**What you have to do**
Repeat exactly, and only, the lines from the line bearing "Oval Brass Glass" through the end of the material. Do not copy the pictures.

**Material provided**
== Segment start ==

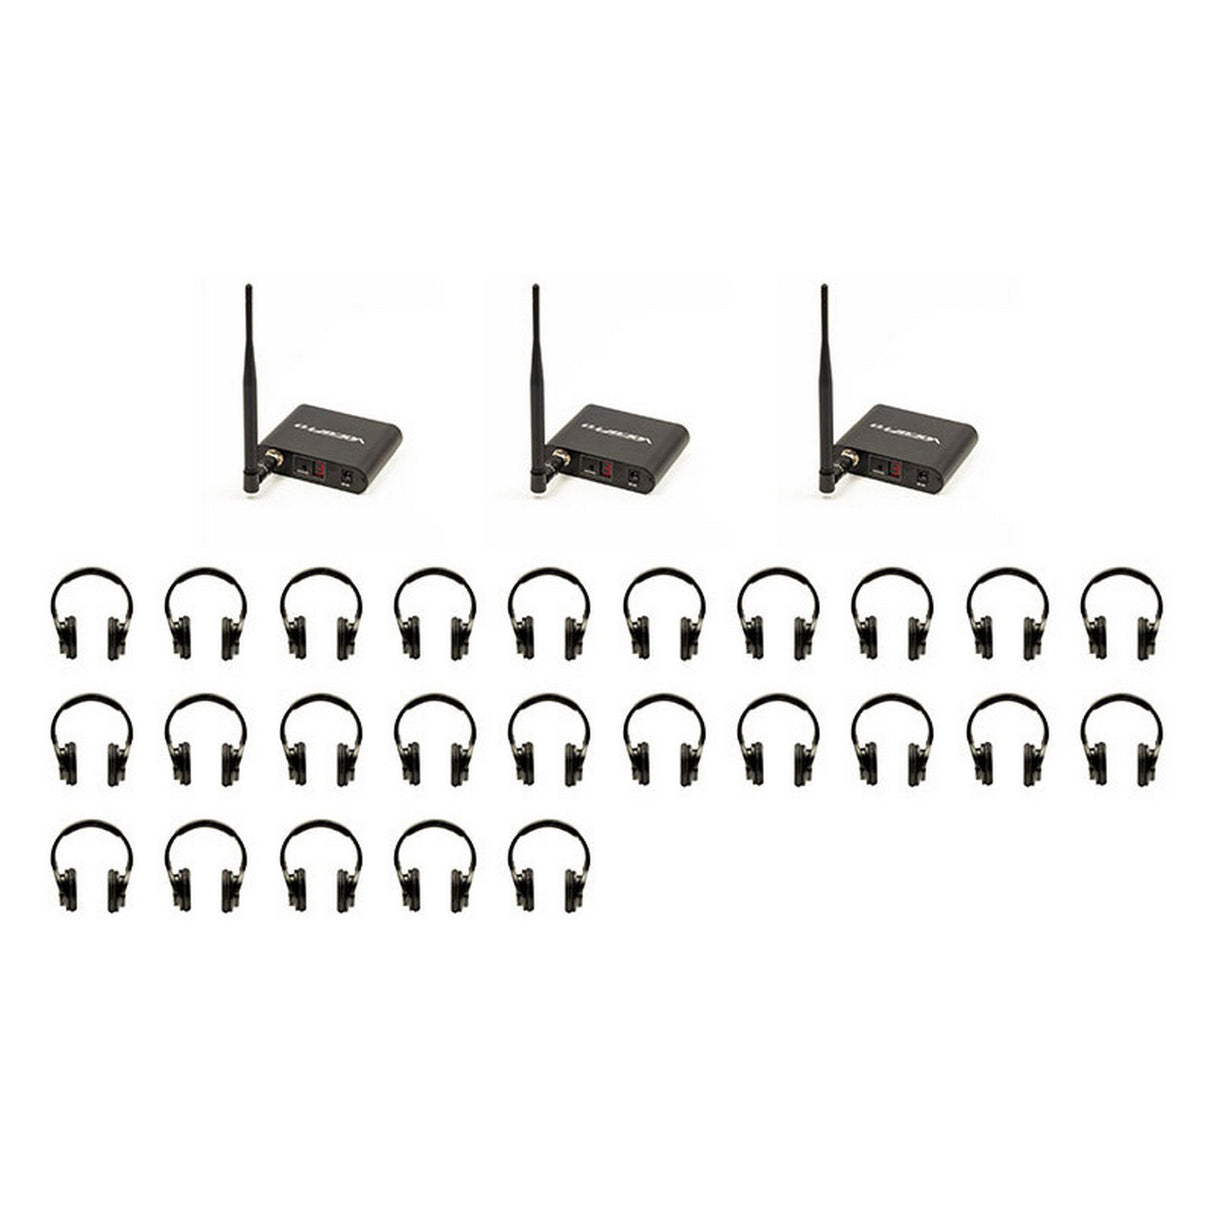 VocoPro Silent Disco 325 Package with 3 Transmitters and 25 Wireless LED Headphones
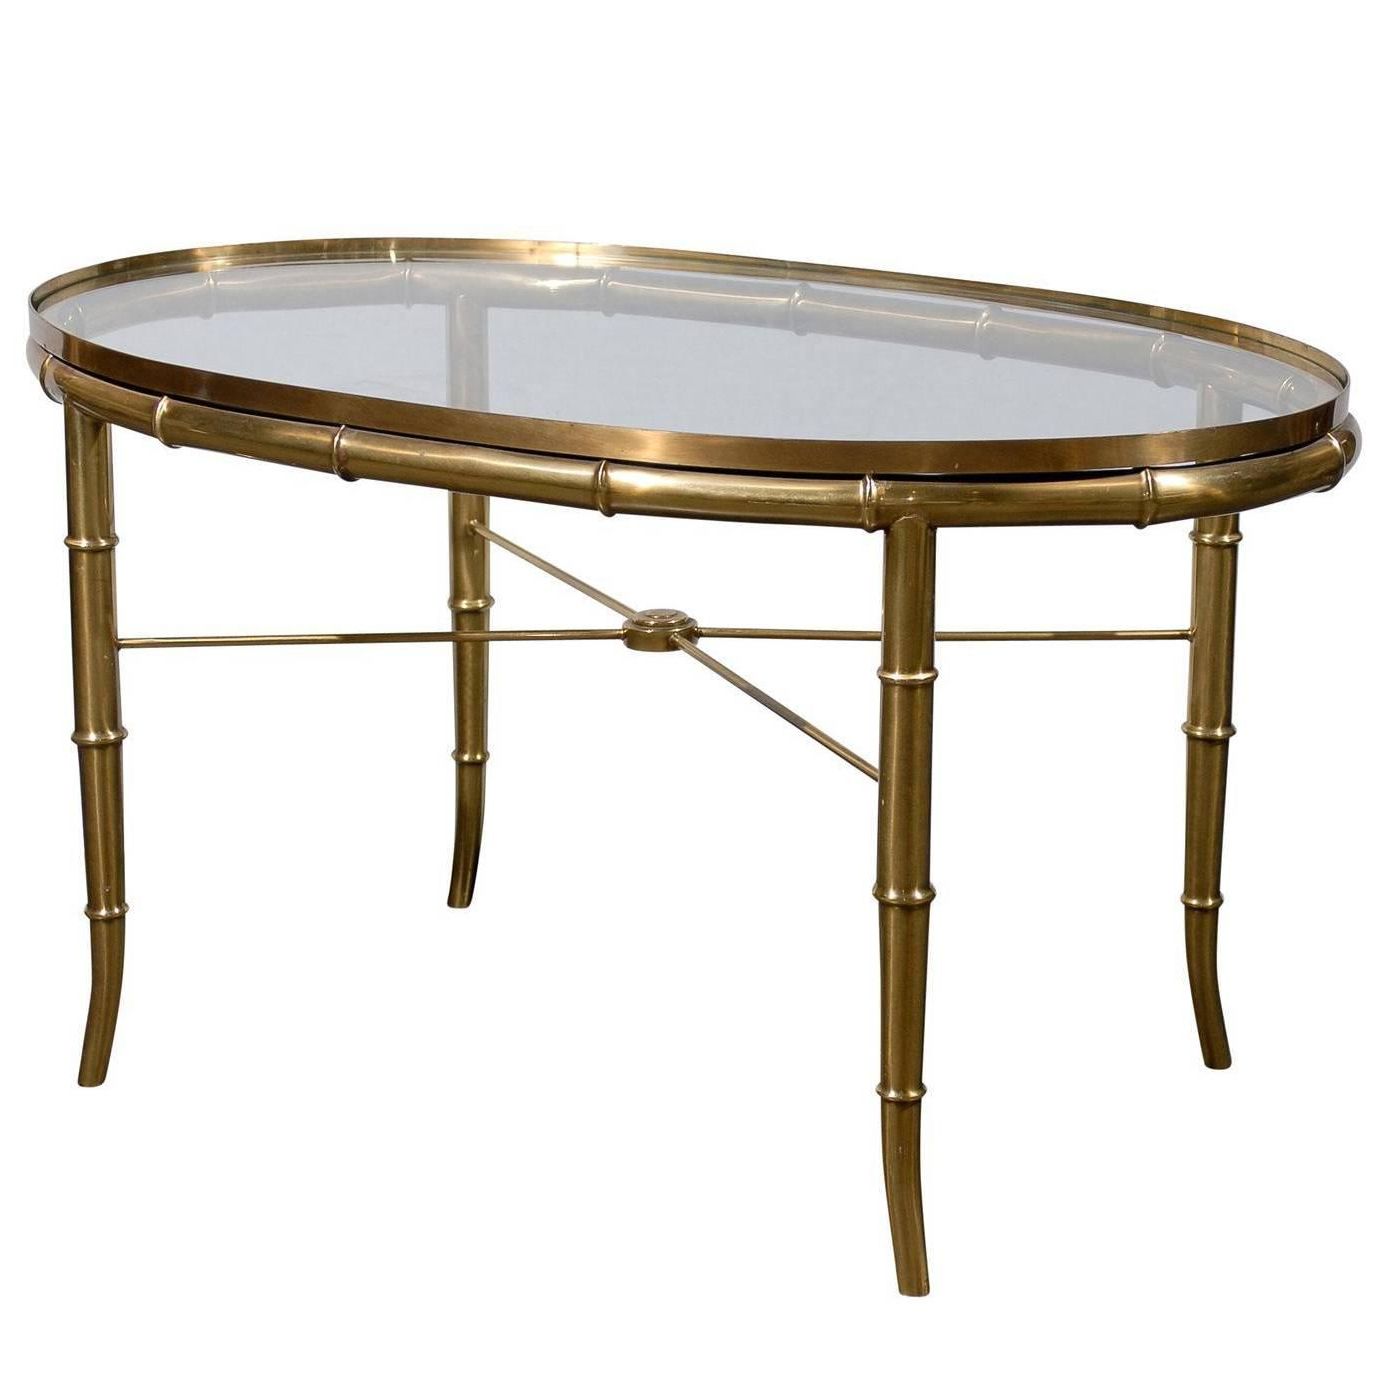 Oval Brass Glass Top Cocktail Or Coffee Table At 1stdibs In Fashionable Glass And Gold Oval Coffee Tables (View 11 of 20)
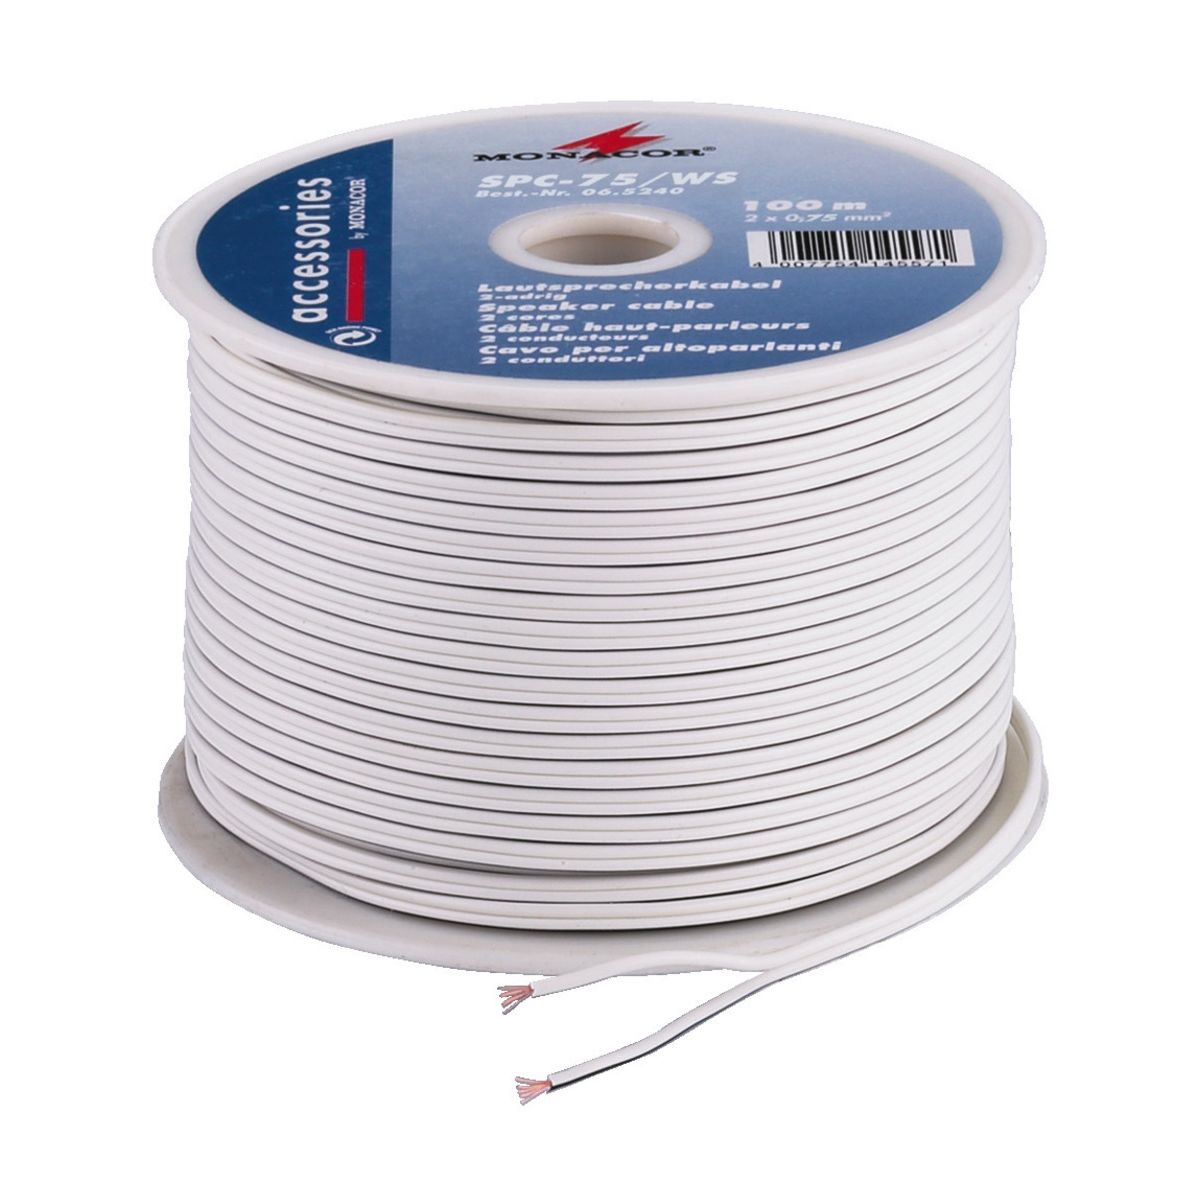 SPC-75/WS | Speaker cable “STANDARD QUALITY”, 2 x 0.75 mm2, 100 m-5935
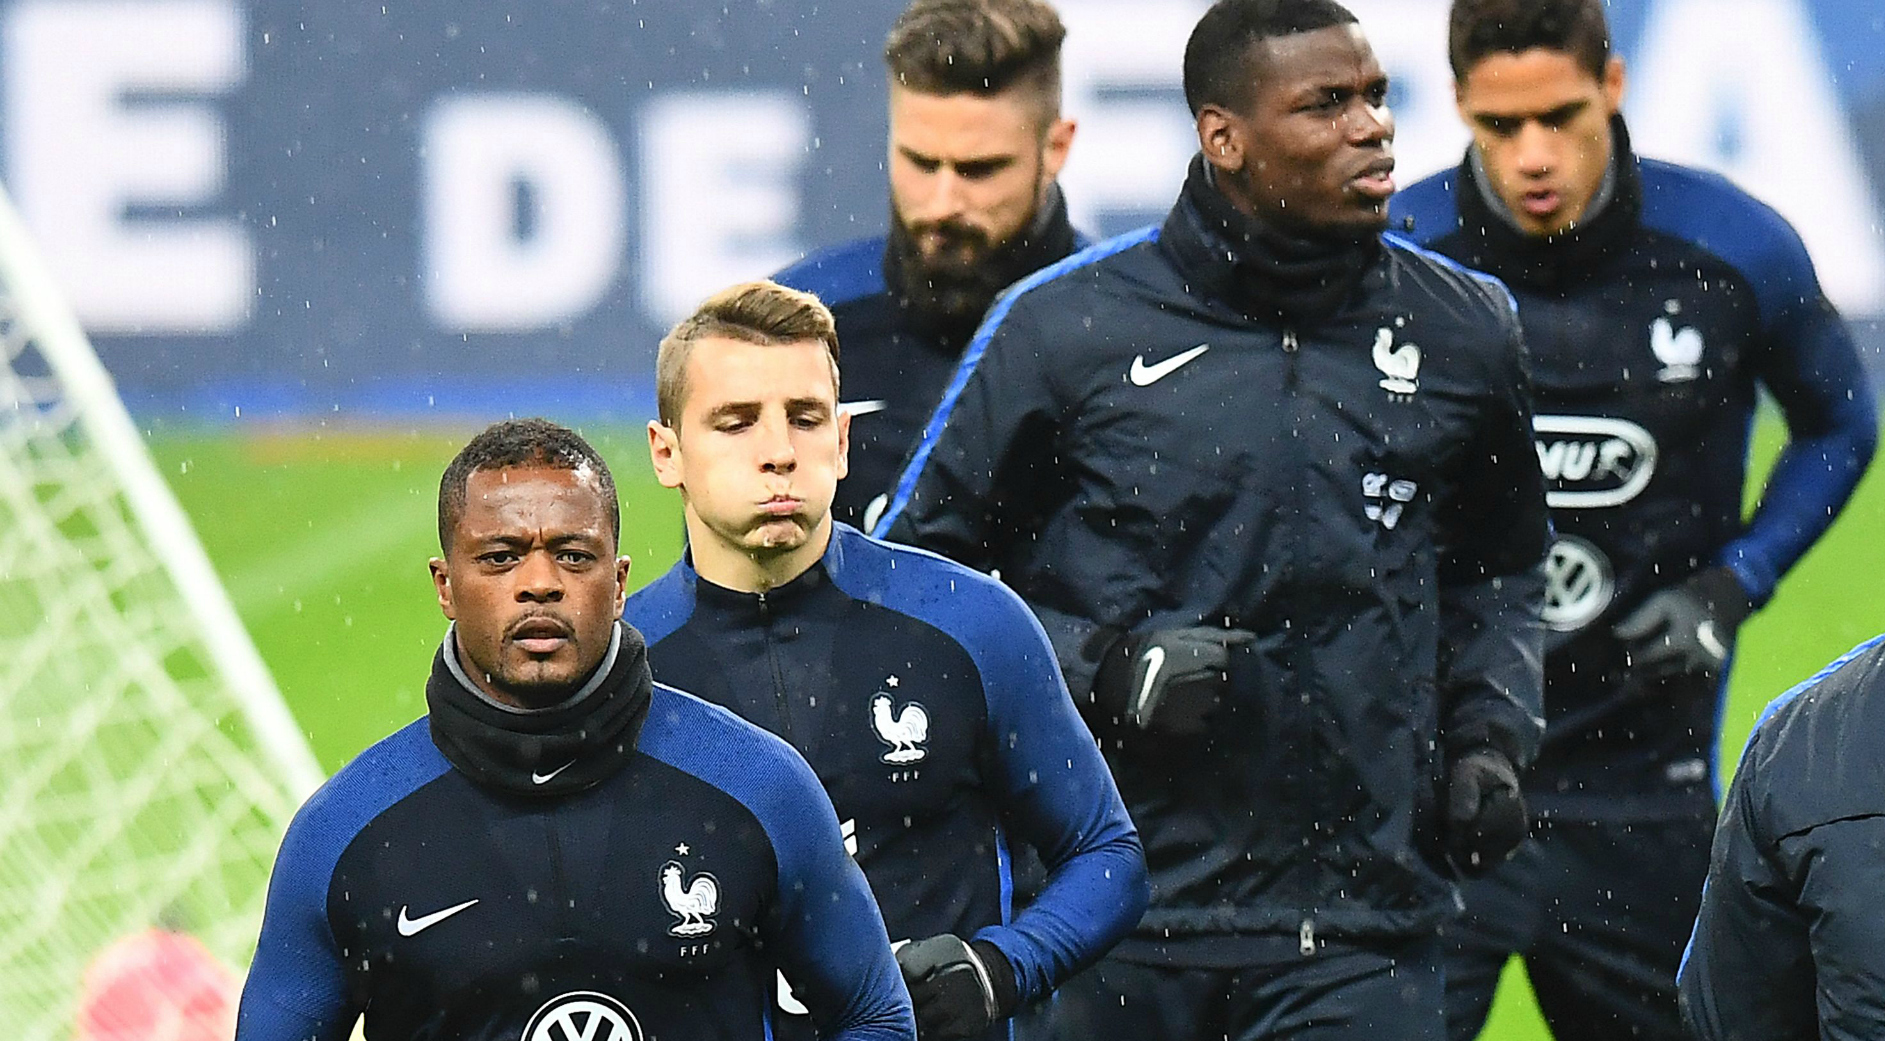 'Le Graet should be fired' - Claims French football is free of racism are nonsense, says Evra

== Segment end ==

**Exercise output**
 Oval Brass Glass Top Cocktail Or Coffee Table At 1stdibs In Fashionable Glass And Gold Oval Coffee Tables (View 11 of 20)
 SPC-75/WS | Speaker cable “STANDARD QUALITY”, 2 x 0.75 mm2, 100 m-5935
 'Le Graet should be fired' - Claims French football is free of racism are nonsense, says Evra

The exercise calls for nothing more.